Para su alivio, Ñambí quedaba sola con sus menesteres hasta el regreso de la
dueña de casa, que traía su desconfiada y minuciosa inspección al atardecer.
Durante ese tiempo, soñaba despierta unas tres mágicas horas. Se deslizaba en
una melodramática fantasía como propietaria de una mansión sobre el río, con
un balcón con vista al anfiteatro, con muebles y decorados imposibles… Incluso había desarrollado una barrera sicológica que activaba quince minutos antes de
las siete de la tarde, para no estrellar de golpe sus utopías contra el áspero
malhumor de Doña Marisa durante sus inspecciones inescrupulosas.

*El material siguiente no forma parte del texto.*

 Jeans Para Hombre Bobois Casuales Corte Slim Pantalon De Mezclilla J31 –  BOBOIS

No sin señalamientos, la patrona le dio su paga semanal, como siempre. Y
Ñambí se escurrió en el asfalto en busca de la parada de colectivos, entre las
mismas gotas dispersas y amenazantes que parecían perseguirla desde ayer,
sin llover en serio.
Al aproximarse a la paradita, escuchó a un hombre excesivamente doblado sobre
sí mismo entre gemidos y balbuceos…
- “¡Francisco! ...”-. Reconocerlo y observar sus manos y abdomen
ensangrentados le hicieron nombrarlo abrupta y mecánicamente.
Sin saber cómo ni cuándo, Ñambí se vio sentada junto a su ex marido en la parte
trasera de un taxi. El atemorizado chofer miraba más atrás que adelante,
apresurando peligrosamente la marcha hacia el Hospital, ante la enfática
negativa de su pasajera de descenderlos en una Clínica Céntrica…

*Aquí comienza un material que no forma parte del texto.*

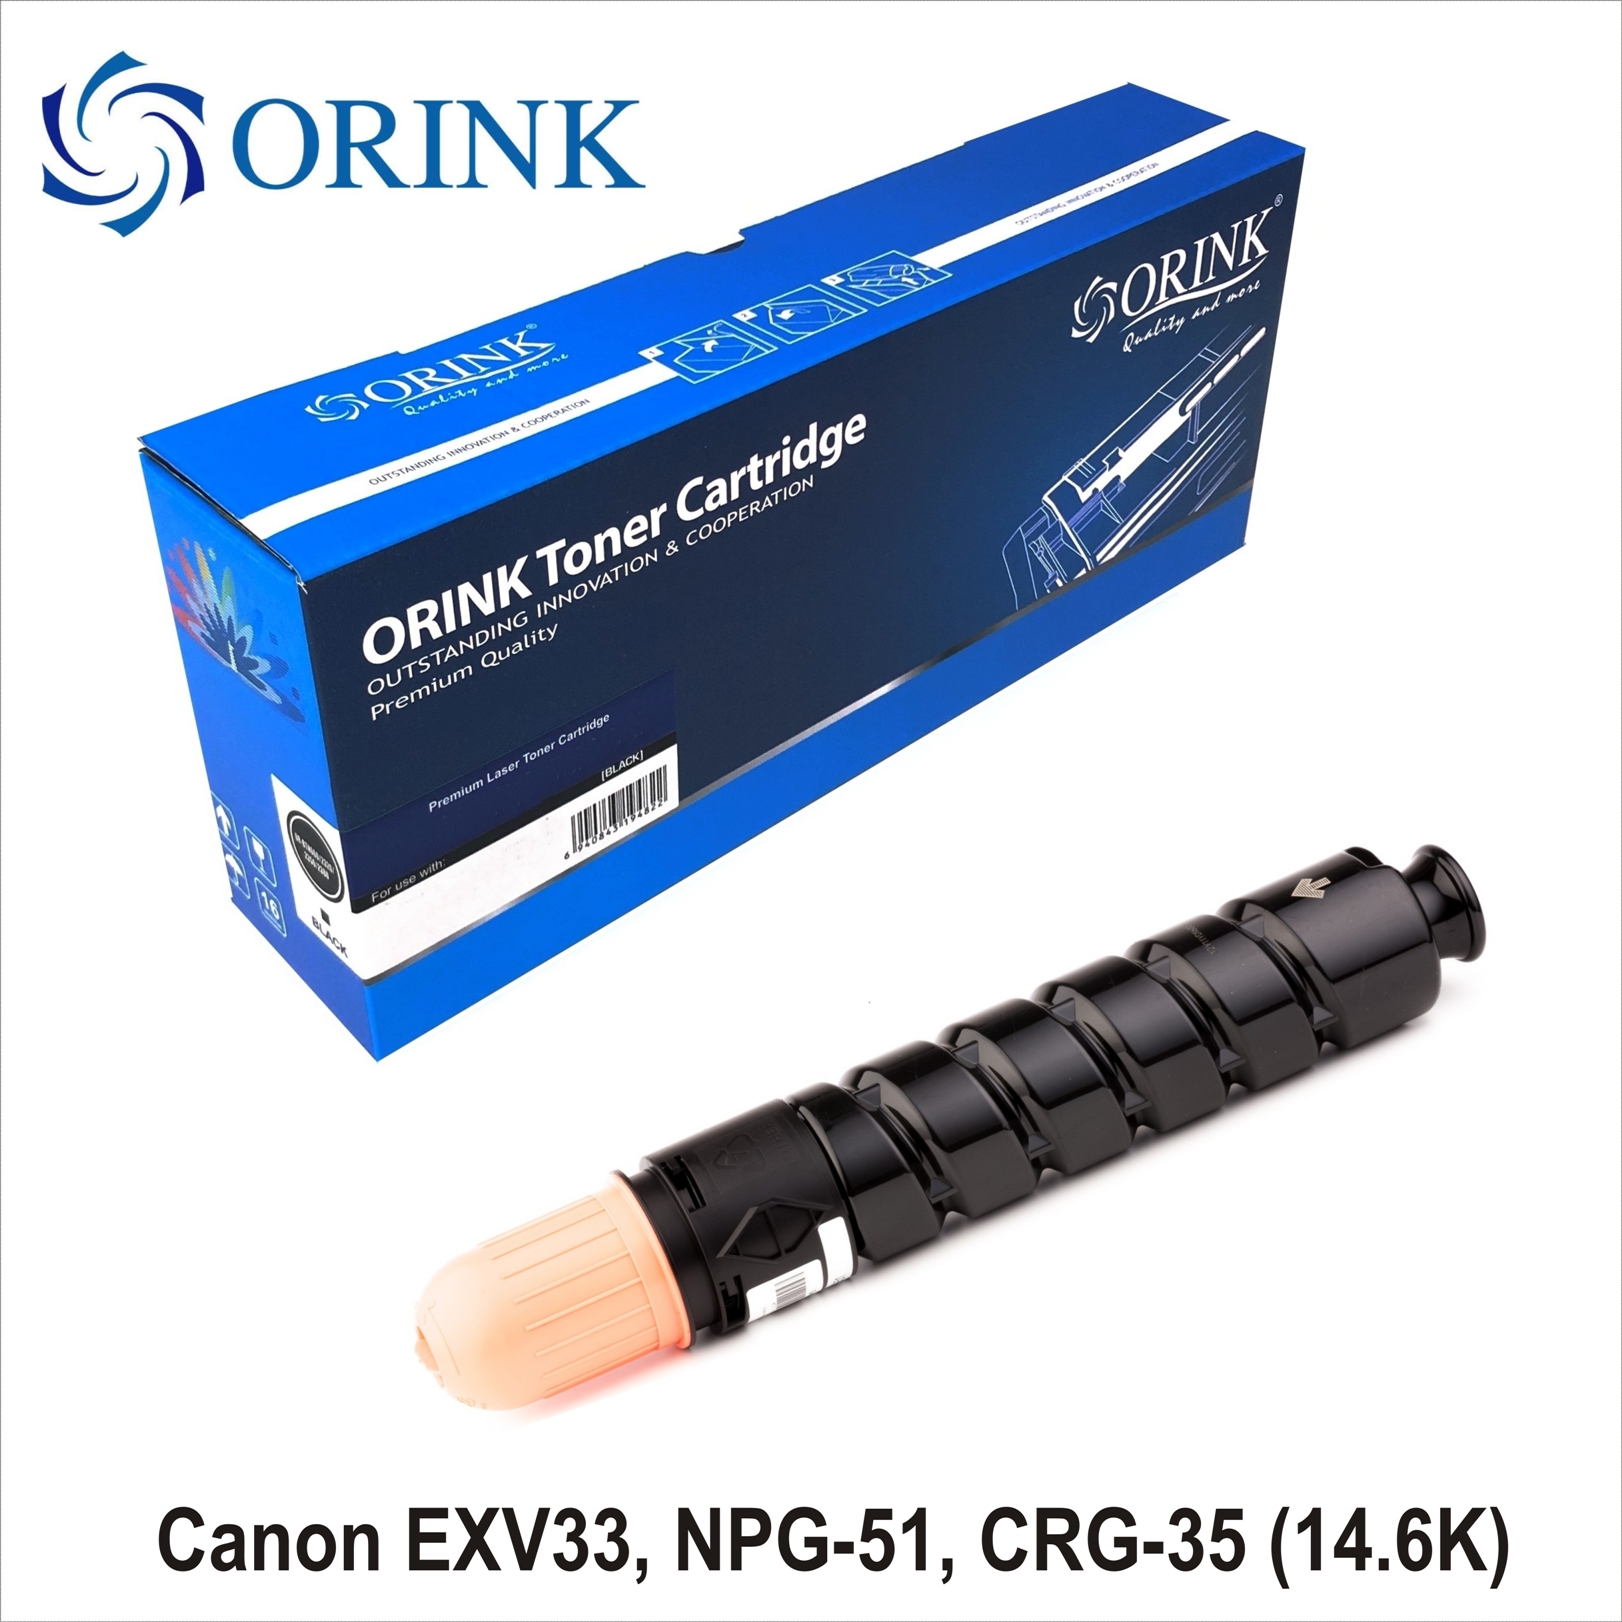 Canon EXV33, NPG-51, CRG-35 (14.6K) ORINK

La breve y angustiosa espera en la guardia del Madariaga fue desvaneciendo a
un Francisco desconocido, barbudo y blanquecino, con hedores de calles y
basureros, de alcohol barato, de pendencias y humanidad perdida.

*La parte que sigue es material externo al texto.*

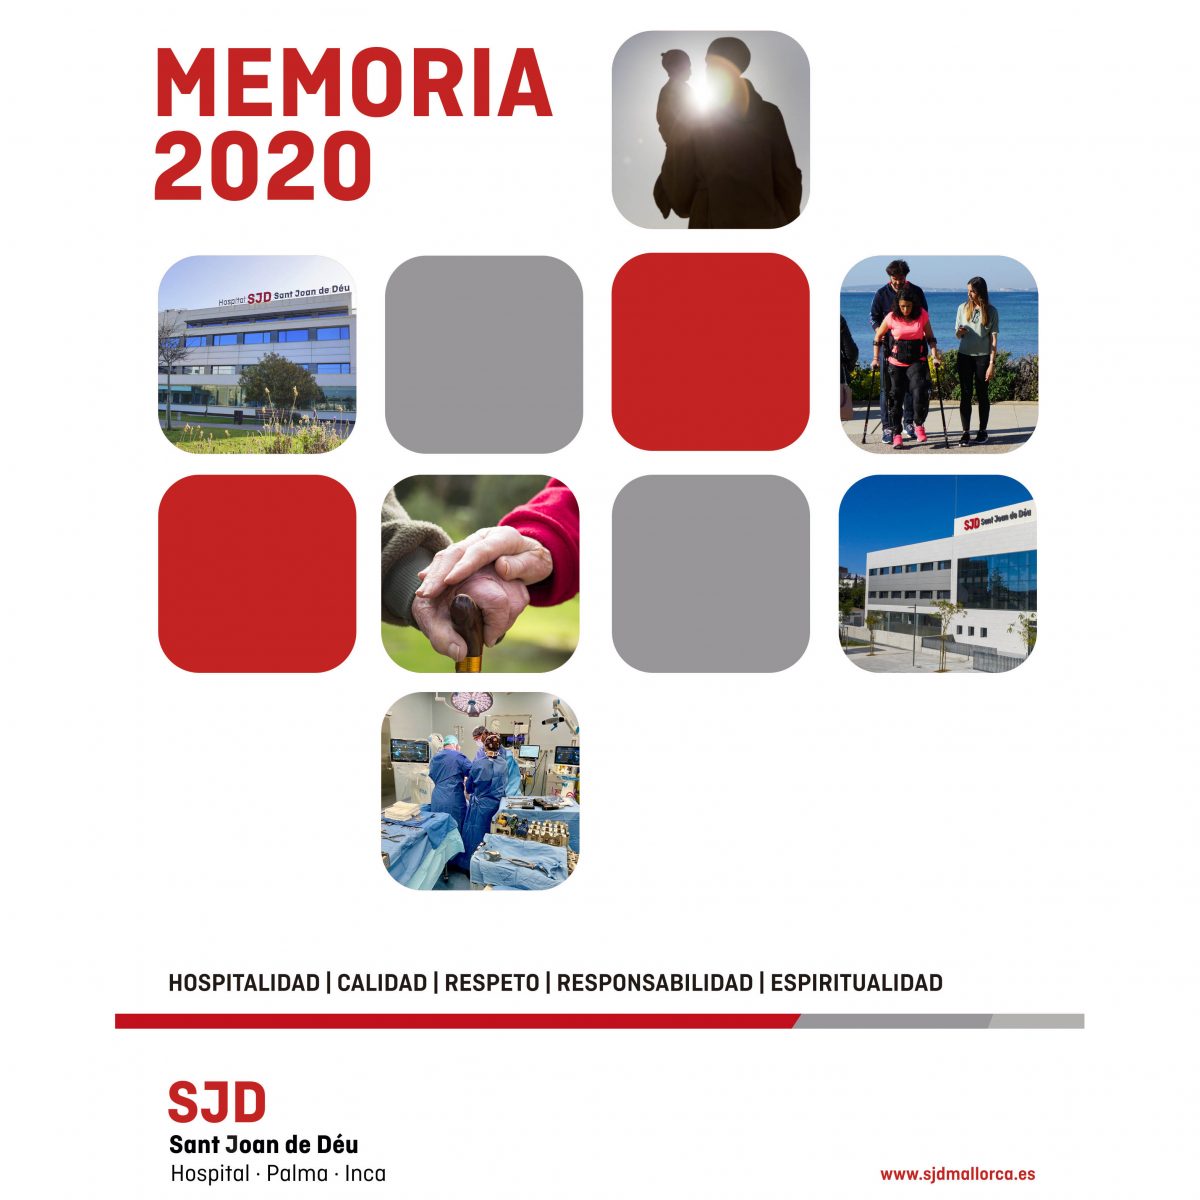 Memoria-2020-Hospital-SJD-Palma-·-Inca-cuadrado-1200x1200.jpg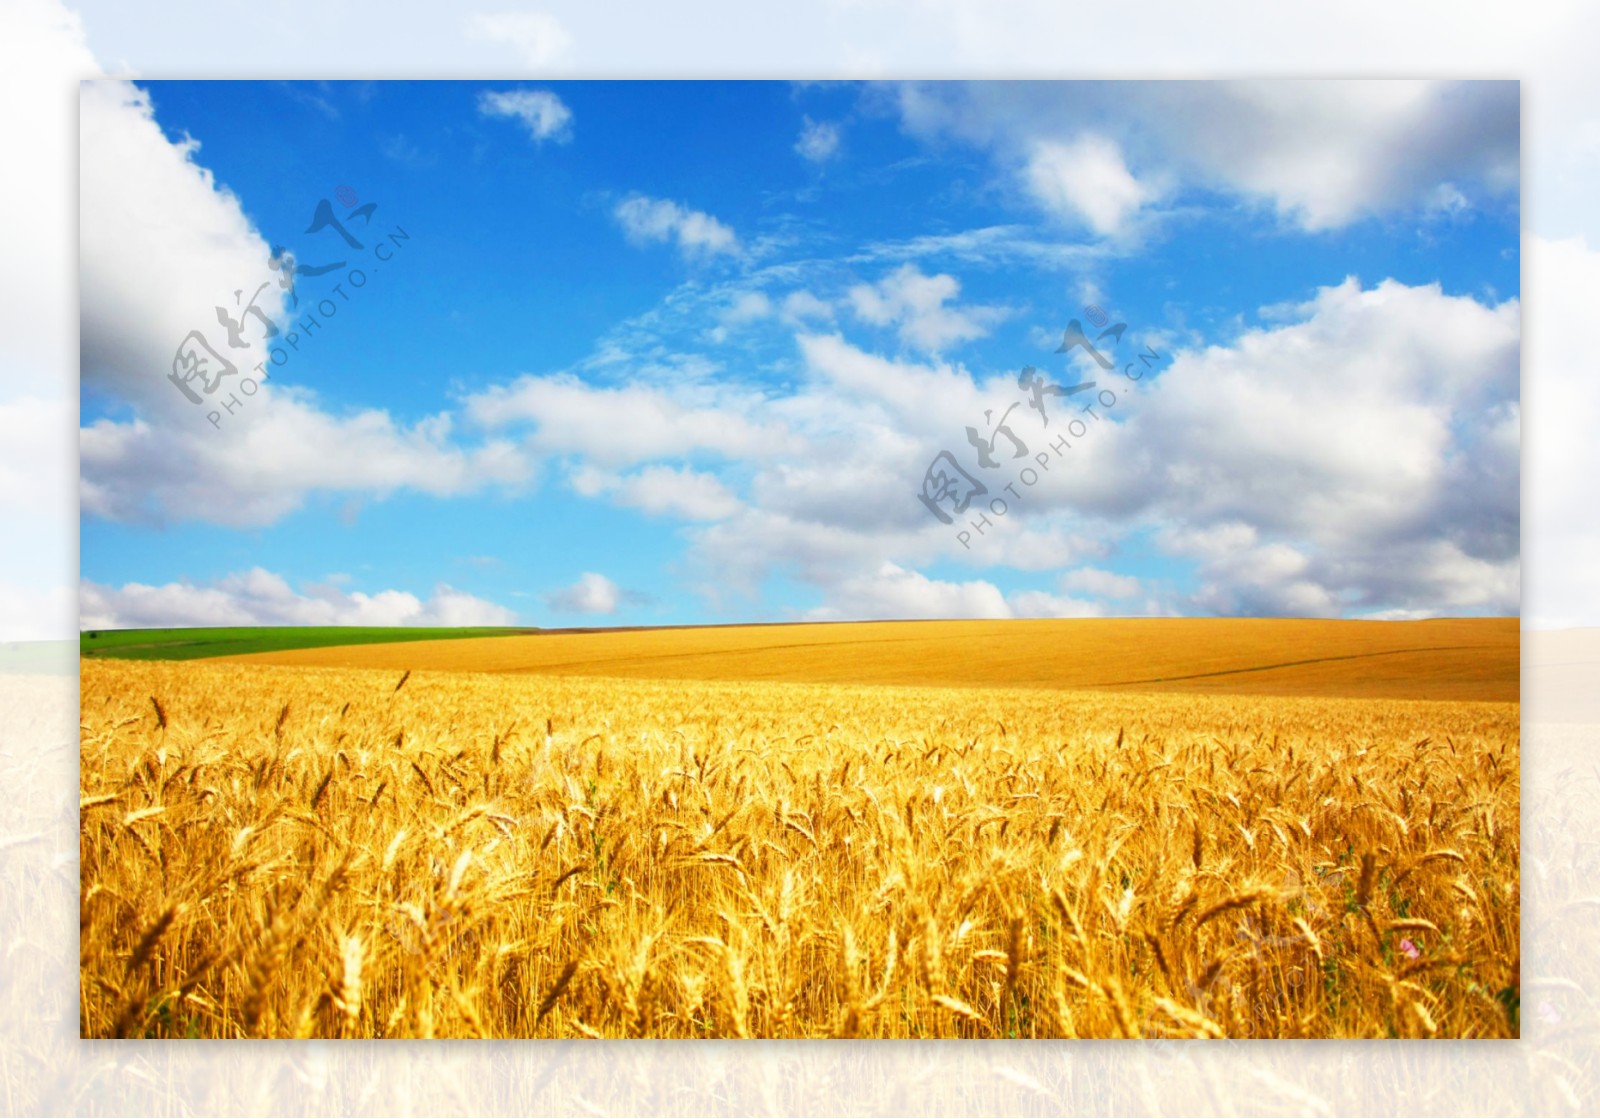 农作物麦田风景图片

Arrebataron rápido a Francisco de su regazo caliente y de sus ojos agobiados,
en los que se alejaba como en cámara lenta una camilla ruidosa entre los
pasillos.
Ñambí aún seguía temblando cuando le ofrecieron un teléfono y se enfrentó a la
voz de Clotilde, su hermana.
- “Cuidame los nenes…” “Cuidame los nenes…”-, solo atinó a decir, tras
demasiados segundos de silencio.
Llegó a su casa a la medianoche como flotando en la oscuridad, sin escuchar
siquiera los ladridos en cadena que despertó en el vecindario. Clotilde había
mentido a los gurises para dormirlos…
Su hermana fue a su encuentro solo para abrazarla mucho –ya luego le contaría
que pasó- tras haberla esperado en el sobresaltado umbral de la puerta más de
una hora.
Ñambí se convenció al resguardo de sus brazos de que hubiera sido inhumano
dejarlo morir a su suerte… Ella no era así. Y porque nadie había conocido al Francisco de dientes grandes y de negrísimos ojos sonrientes que cantaba y
bailaba como pocos en las fiestas en Capitán Mesa… Los demás no supieron de su corazón bueno regalando su moto al amigo Rogelio con su hijo con cáncer, ni
lo vieron pintando la escuela rural a la madrugada antes de la tarefa o de clavar
los postes de la alambrada cuando se lastimó Don Cagüé. Nadie lo recuerda
como ella sí puede, lejos de las ciudades sin campos y sin lunas hermosas para
quedarse dormidos sobre el césped y el rocío, enamorados y felices.